▶ **Try it**
Please keep to the lines below from the one with "Simon Cowell Is" through the one with "Experience a new", and restate them word for word, ends included.

=== Records shown ===

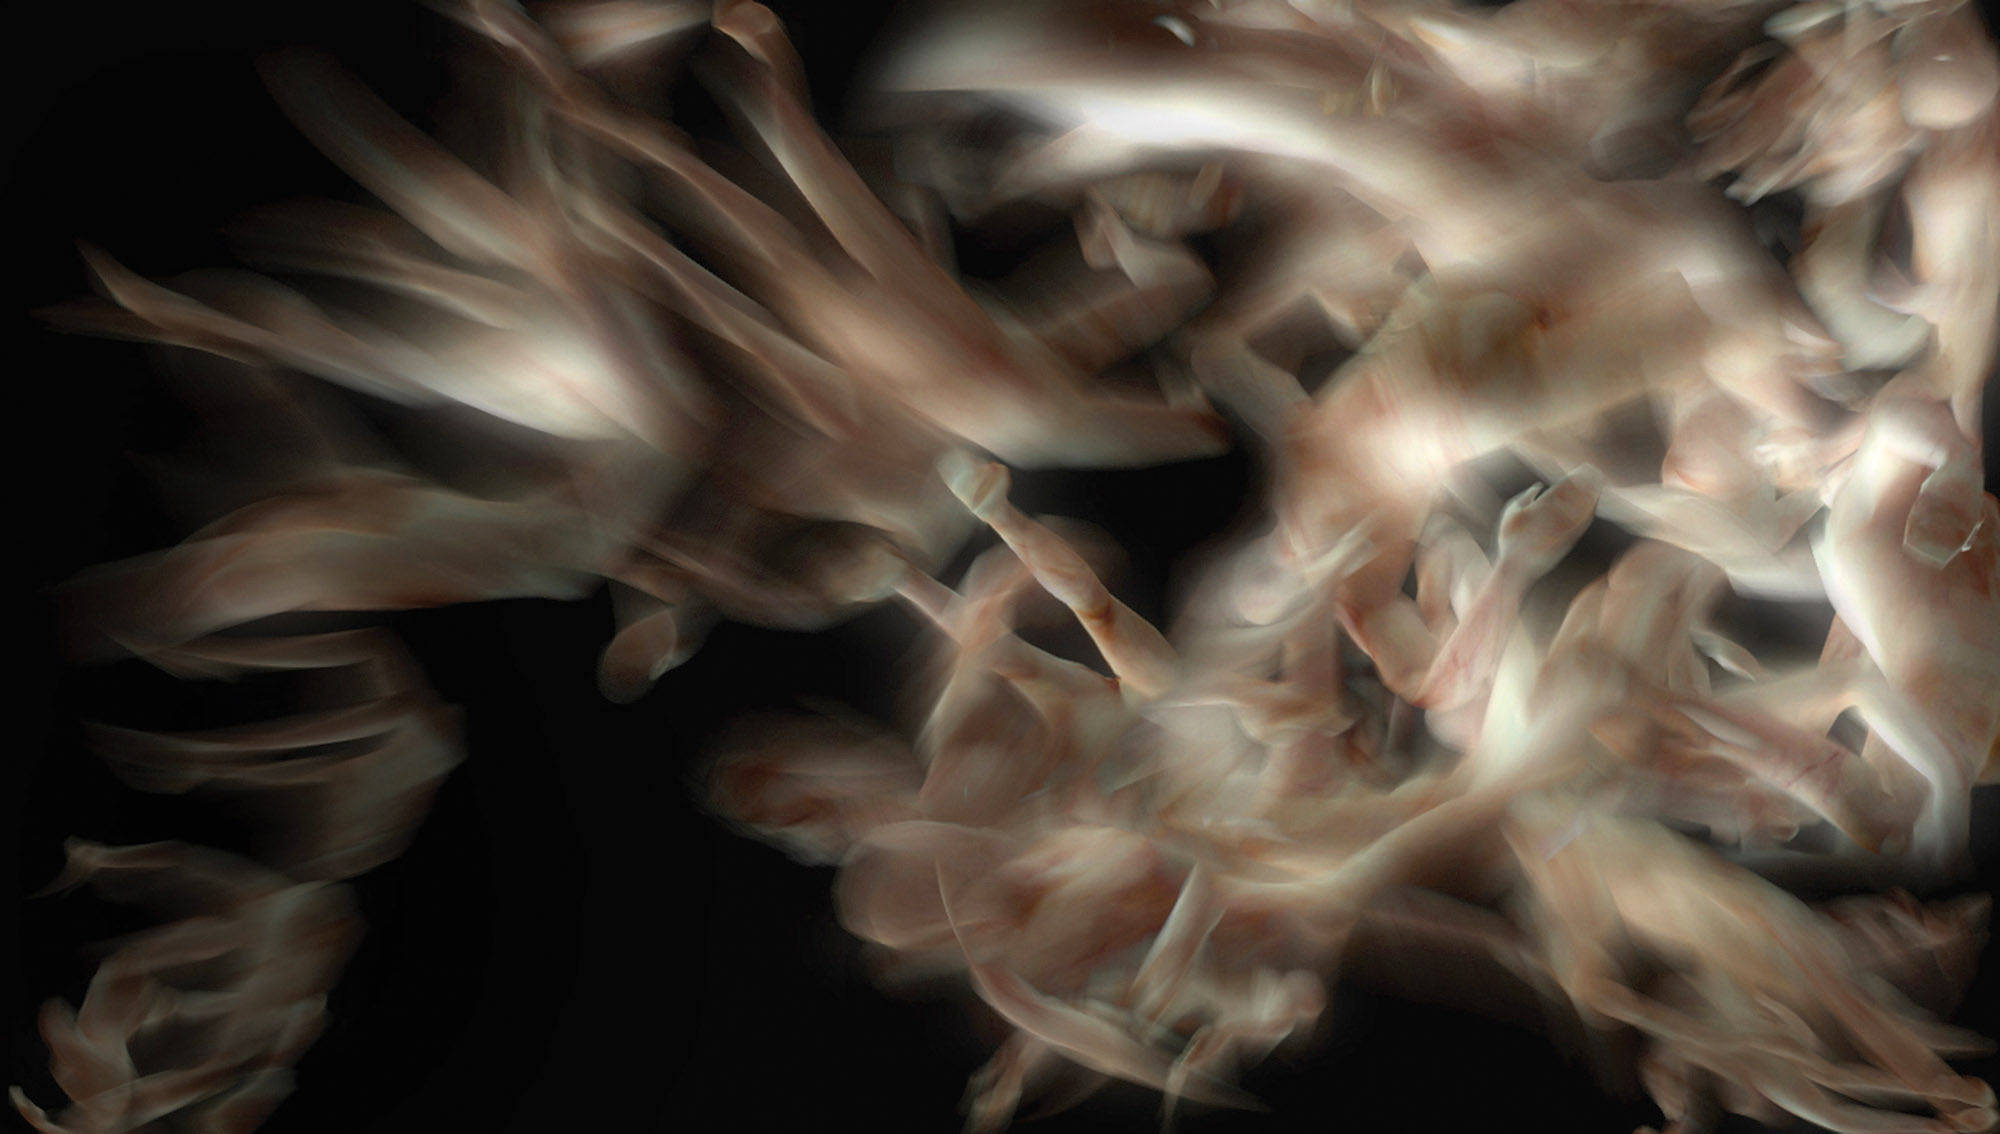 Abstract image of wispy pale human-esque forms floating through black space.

===
=== Records shown ===

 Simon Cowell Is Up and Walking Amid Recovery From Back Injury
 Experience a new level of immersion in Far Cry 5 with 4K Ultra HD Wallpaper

===

▶ **Response to this exercise**
 Simon Cowell Is Up and Walking Amid Recovery From Back Injury
 Experience a new level of immersion in Far Cry 5 with 4K Ultra HD Wallpaper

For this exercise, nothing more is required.